Introduction: Why are we testing?

Our CAN-Do! Widget is our means to attach payloads (Modules) to the IHU.  By building each payload (Module) with the attached CAN-Do! Widget providing the interface to the wiring harness of the spacecraft, the Module designer is assured a smooth integration with the spacecraft.

The module designer exercises the Module under test by creating a small CAN Bus cable to which is attached the Widget on the Module and a PC with either the Serial CAN232 Interface or the PCAN USB interface providing the means to attach the PC to the CAN Bus. We provide software (UHU and CDNC) which is installed on the PC (see center column at reference page) with which the designer can exercise all aspects of communication with the new Module through the Widget as if the IHU was talking to the Widget.  The CAN-Do! team wrote the software to utilize the precise messages over the CAN Bus which the IHU will use when communicating with Widgets on the spacecraft.

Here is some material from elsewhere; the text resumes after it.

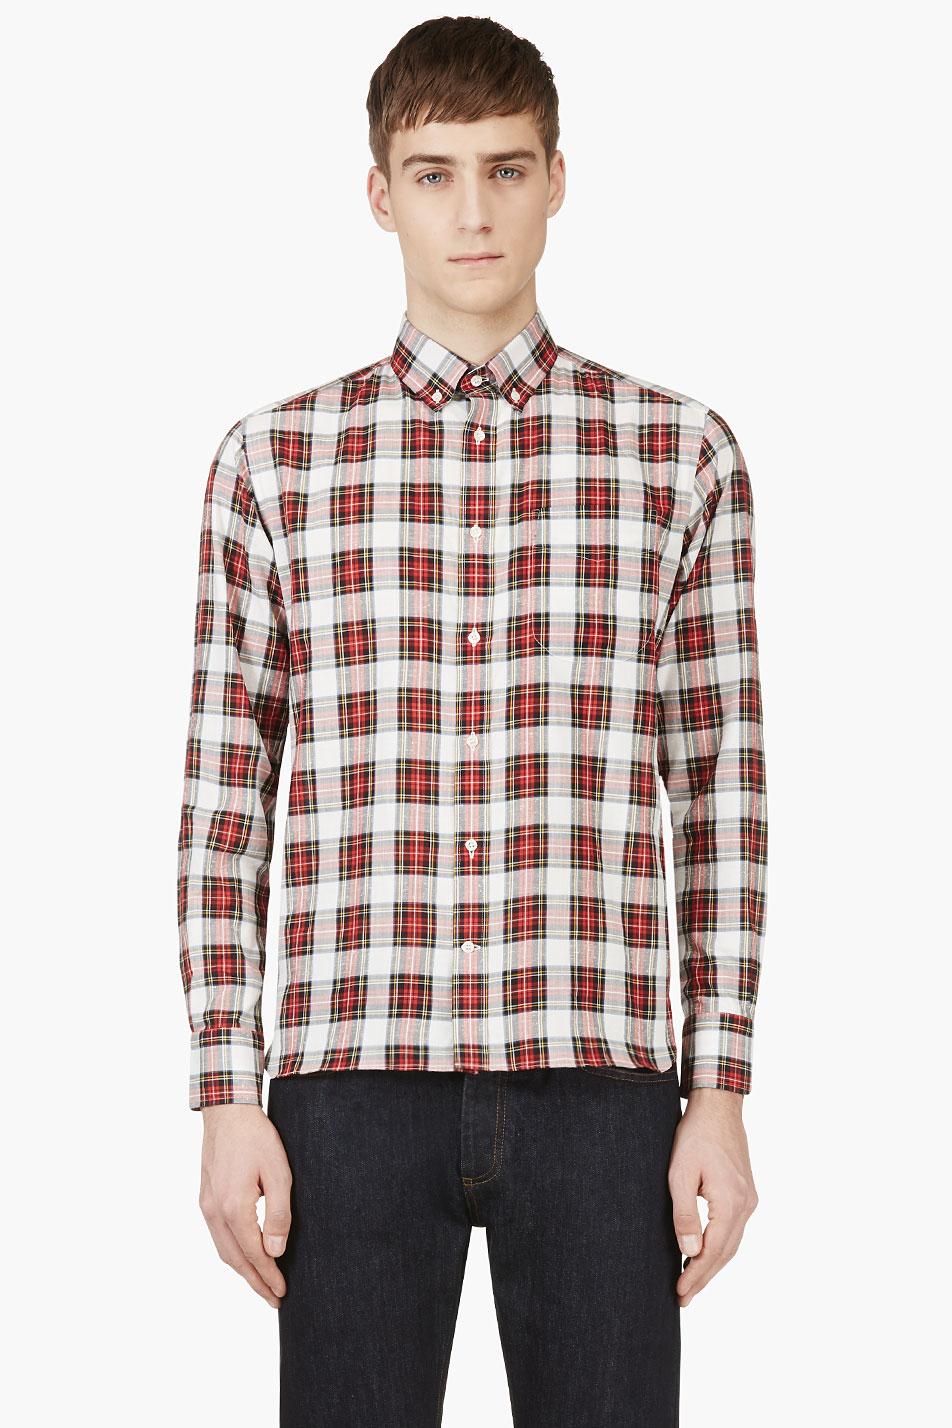 maison kitsun red and white plaid button_down shirt

With the CAN-Do! team writing the AMSAT CAN communication specification, the Widget firmware, the UHU (and CDNC) software and lastly the IHU CAN communication elements we have assured that the CAN Bus communication is precisely controlled.  Essentially, we have implemented both ends of the CAN Bus communication and have tested each so that we are assured that it all works as intended.  Through this effort, independent of the Module designers, we ensure that the Module designers do not have to concern themselves with this part of the integration effort. We establish the expectation that if the new Module works with UHU (or CDNC), then it will work when the IHU is finally communicating with it.

So, in summary, why are we testing?  The CAN bus is the replacement for the I/O multiplexer found on earlier satellites. This is a mission critical system which must work as expected and must survive adverse effects.  It does allow for earlier integration-style testing as we've made communication with single modules the same as will occur when the IHU is running things.

In light of this criticality we take on multiple forms of verification. We are choosing to utilize both physical inspection/review and behavioral verification.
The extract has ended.